Бросая вызов общественному мнению, Золя отправился на открытое заседание Французской академии, в ходе которого Пьер Лоти читал похвальное слово своему предшественнику, Октаву Фейе. И там он услышал из уст свежеиспеченного академика жестокий разнос натурализма, с удовольствием изображавшего «подонков населения больших городов».
«Эта беспредельная грубость, этот высмеивающий все цинизм – болезненные явления, свойственные парижским заставам, – заявил Пьер Лоти. – Вот почему натурализм, в его сегодняшнем понимании, – несмотря на громадный талант некоторых писателей этого направления, – обречен на то, чтобы исчезнуть, когда выдохнется то нездоровое любопытство, которое сегодня поддерживает его существование. Идеал же, напротив, вечен».
Несмотря на этот полученный в Академии выговор, Золя в третий раз представил свою кандидатуру на одобрение академиков. Во втором туре он получит всего три голоса, и кресло у него отнимет Эрнест Лависс. Но к этому времени его заботит уже совсем другая церемония: таинство крещения его сына Жака. Его близкий друг и главный его наперсник непременно должен стать свидетелем торжественного события. «Мой старый друг, – пишет он Анри Сеару, – завтра мы крестим нашего малыша Жака в церкви Святой Троицы, в половине четвертого. Если бы вы могли прийти и расписаться в книге как присутствующий, вы доставили бы мне удовольствие».[221]

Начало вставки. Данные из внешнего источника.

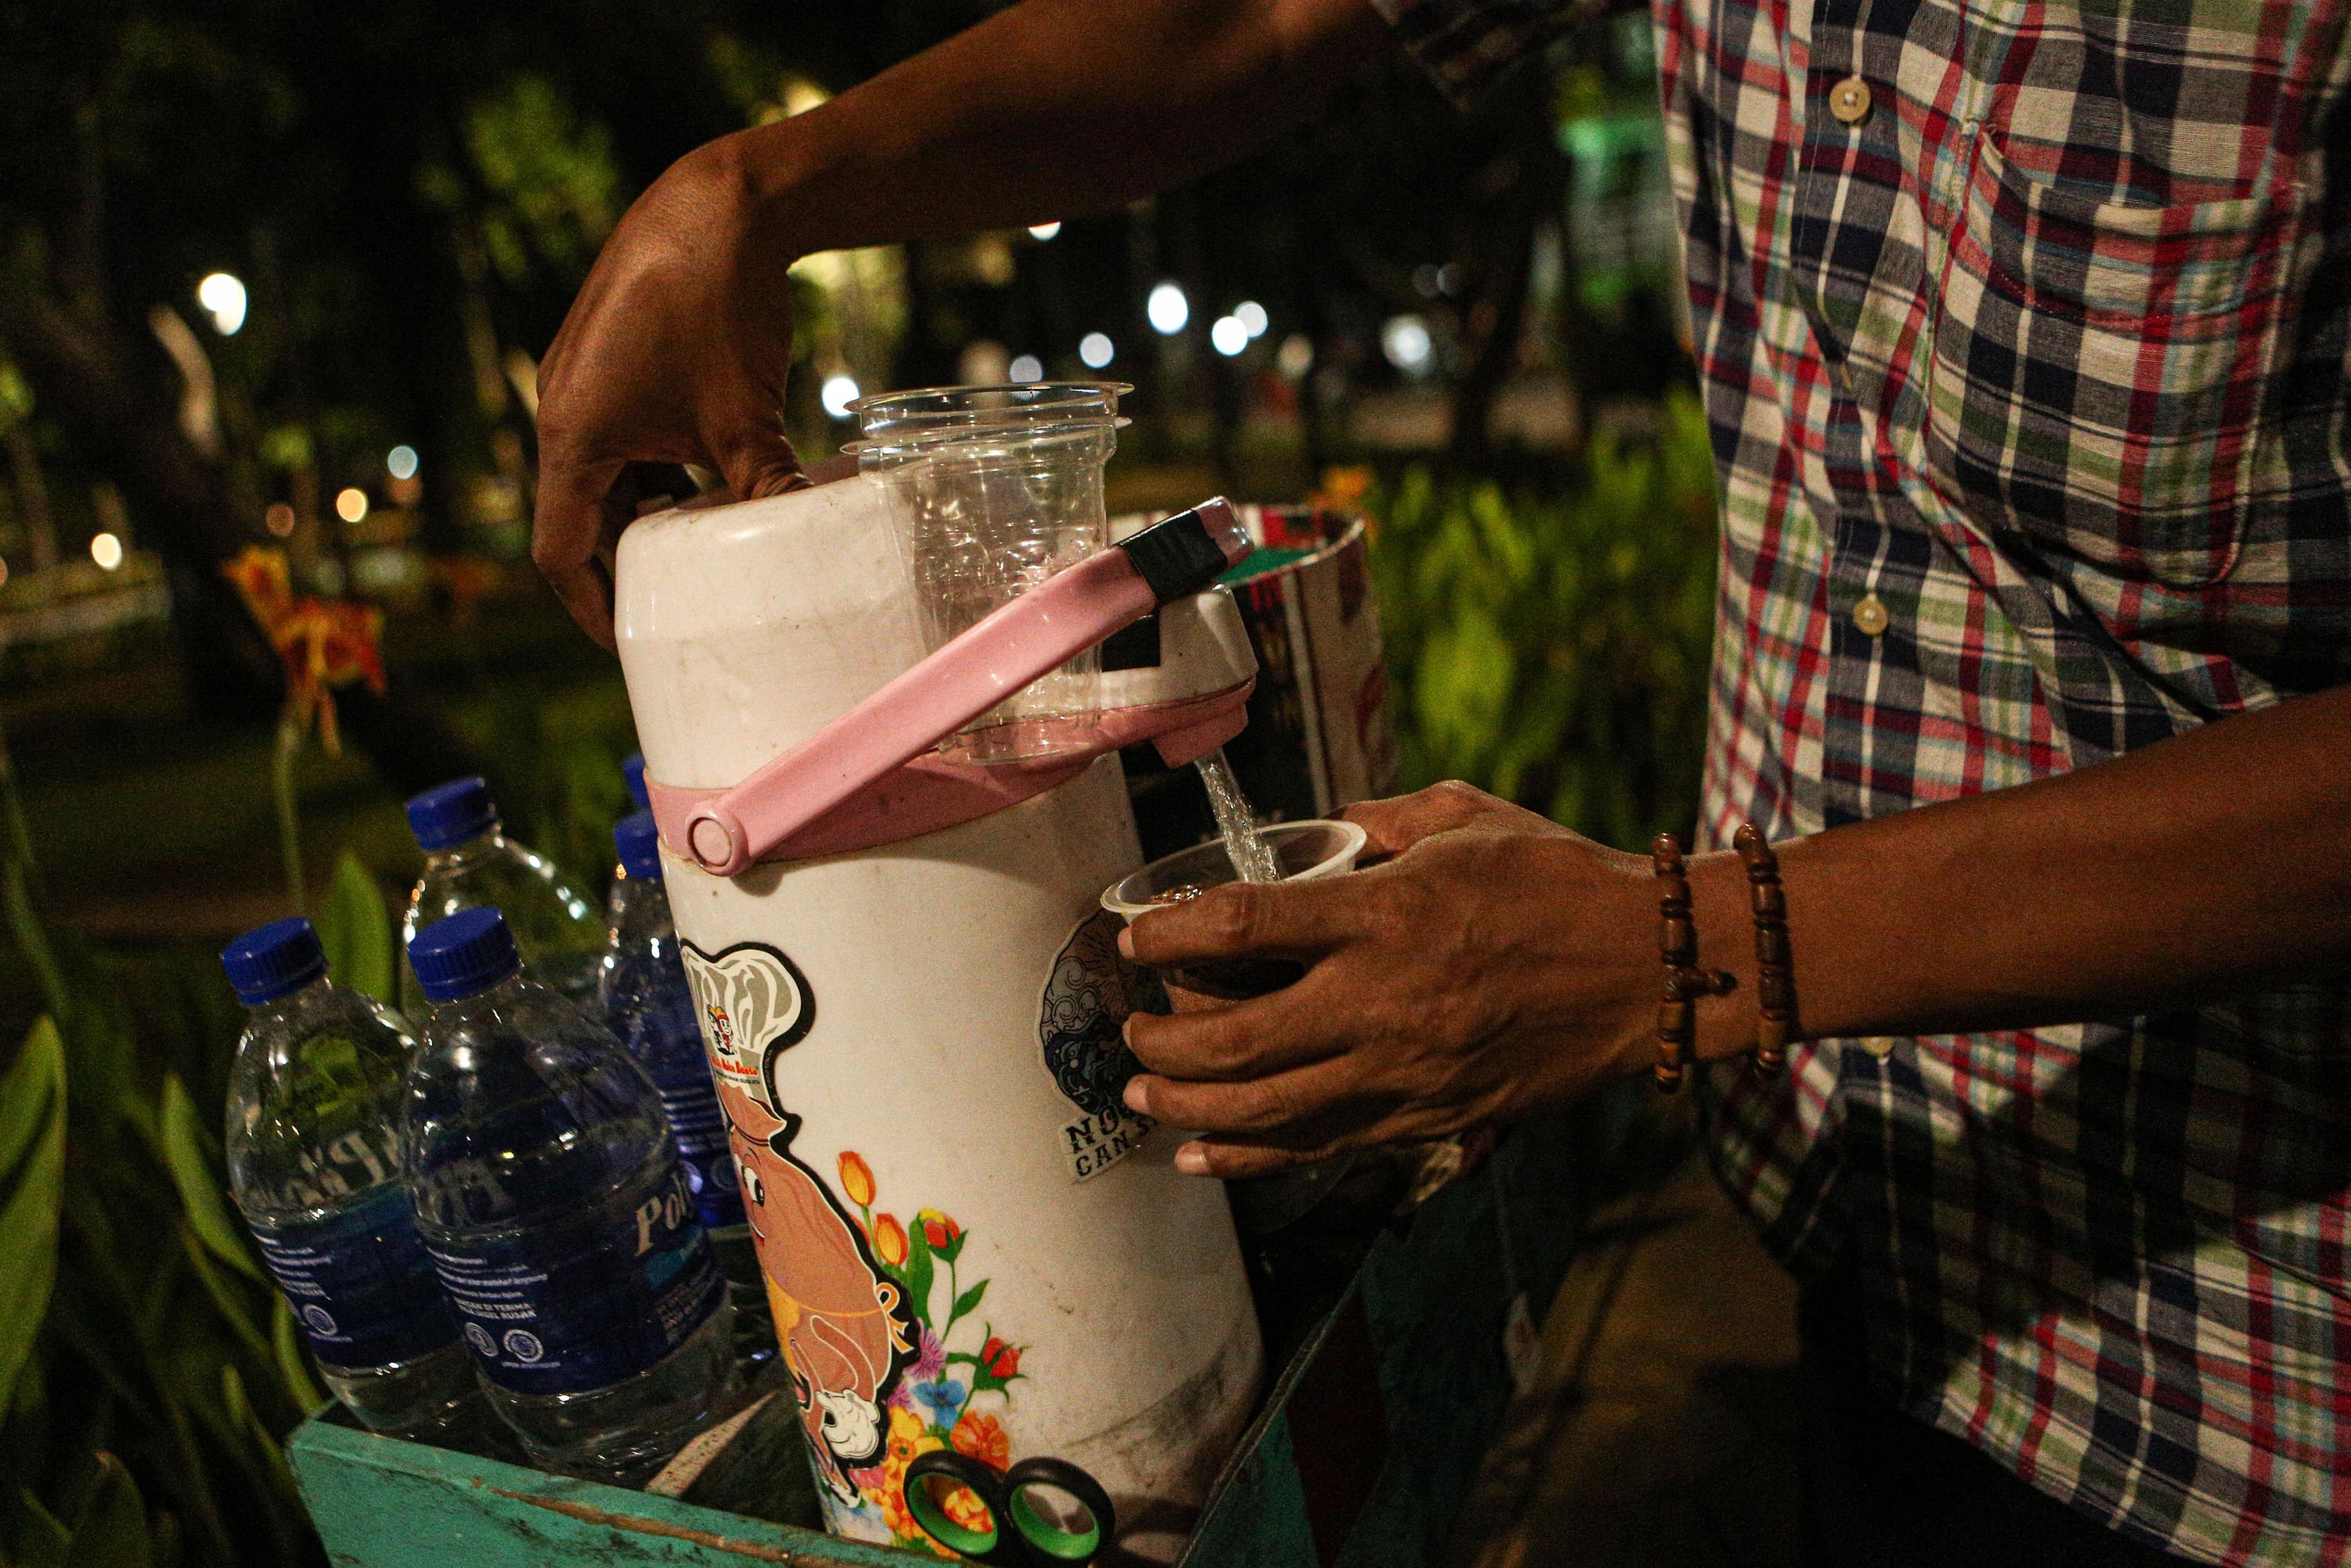 Hendra (30), menyiapkan kopi untuk pembeli di Kawasan Taman Menteng, Jakarta Pusat.

Однако 1 июня Анри Сеар на назначенную встречу не явился. Должно быть, решил, что Золя и без того потребовал от него слишком много услуг, и теперь из уважения к Александрине ему лучше держаться в стороне от побочной семьи Эмиля. Золя расстроился из-за того, что Сеар не пришел, Жанна чуть не расплакалась и отложила в сторону приготовленную для него коробочку драже. «Не может быть, неужели он больше не вернется!» – всхлипнула она.[222] В действительности, огорчаясь из-за поведения Анри Сеара, она прекрасно понимала отведенную ей роль, знала, что всегда должна держаться поодаль, как служанка. Даже в объятиях Золя она не могла забыть о том, что Александрина прежде была ее хозяйкой. Жанна обязана была относиться к ней с уважением: вопрос социальной иерархии. При таких условиях мысль о разводе ей и в голову не могла прийти. Она должна была обрести свое счастье в том, чтобы держаться скромно и незаметно: ее содержат, но не признают, она ни в чем не нуждается, но и рассчитывать ей не на что.

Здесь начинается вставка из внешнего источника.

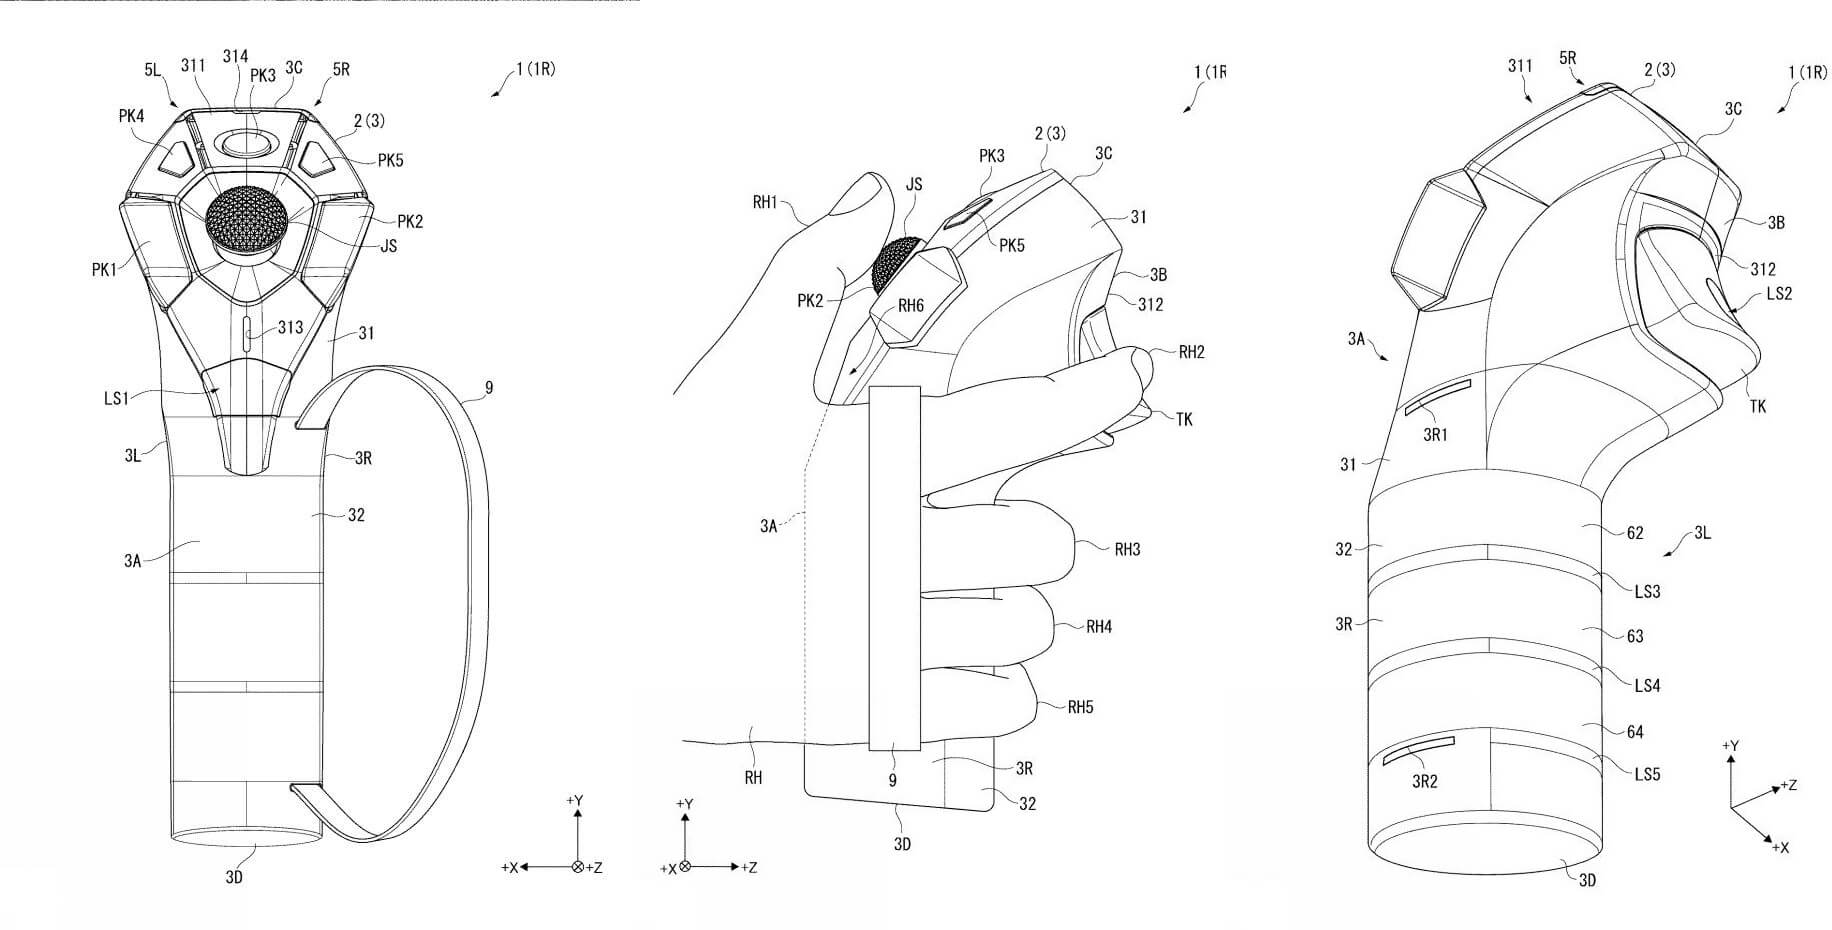 Patente de joystick para PlayStation VR

Понимая, что Жанна никаких хлопот ему не причинит, Золя мог заняться Александриной и попытаться утихомирить припадки ее ревности. Узнав о том, что его жена поделилась с дочерью Шарпантье, Жоржеттой Эрман, своим намерением когда-нибудь расстаться с мужем, он написал молодой женщине: «Можешь быть совершенно уверена, милая Жоржетта, что никогда я не поведу себя как непорядочный человек. Моя жена никогда меня не покинет, разве что, покинув меня, она была бы счастлива, но это не так».[223] И, желая смягчить вспыльчивую Александрину, он предложил ей совершить примирительную поездку в Нормандию. Она согласилась, и вот они уже в Гавре, Онфлере, Трувиле, Этрета, Фекане. Вернувшись в Медан, Золя объяснил Жанне: «Я не хочу, чтобы наша любовь была омрачена упреками».[224] А оправдавшись таким образом перед любовницей, он через день снова отправился с женой в Лурд. Там, собирая материал для будущей книги, встретил на вокзале поезд с паломниками, побывал в гроте, в больнице, в архиве медицинских сведений, поговорил с историком и хроникером чудес Анри Лассерром, пообщался с множеством журналистов. Путешествие на этом не закончилось: после Лурда Золя с женой побывали в Люшоне, Тулузе, Каркассоне, Ниме, Арле, Эксе, Марселе, Тулоне, Каннах, Антибе, Ницце и наконец в Генуе, где Золя поприсутствовал на банкете, устроенном комитетом выставки, посвященной Христофору Колумбу.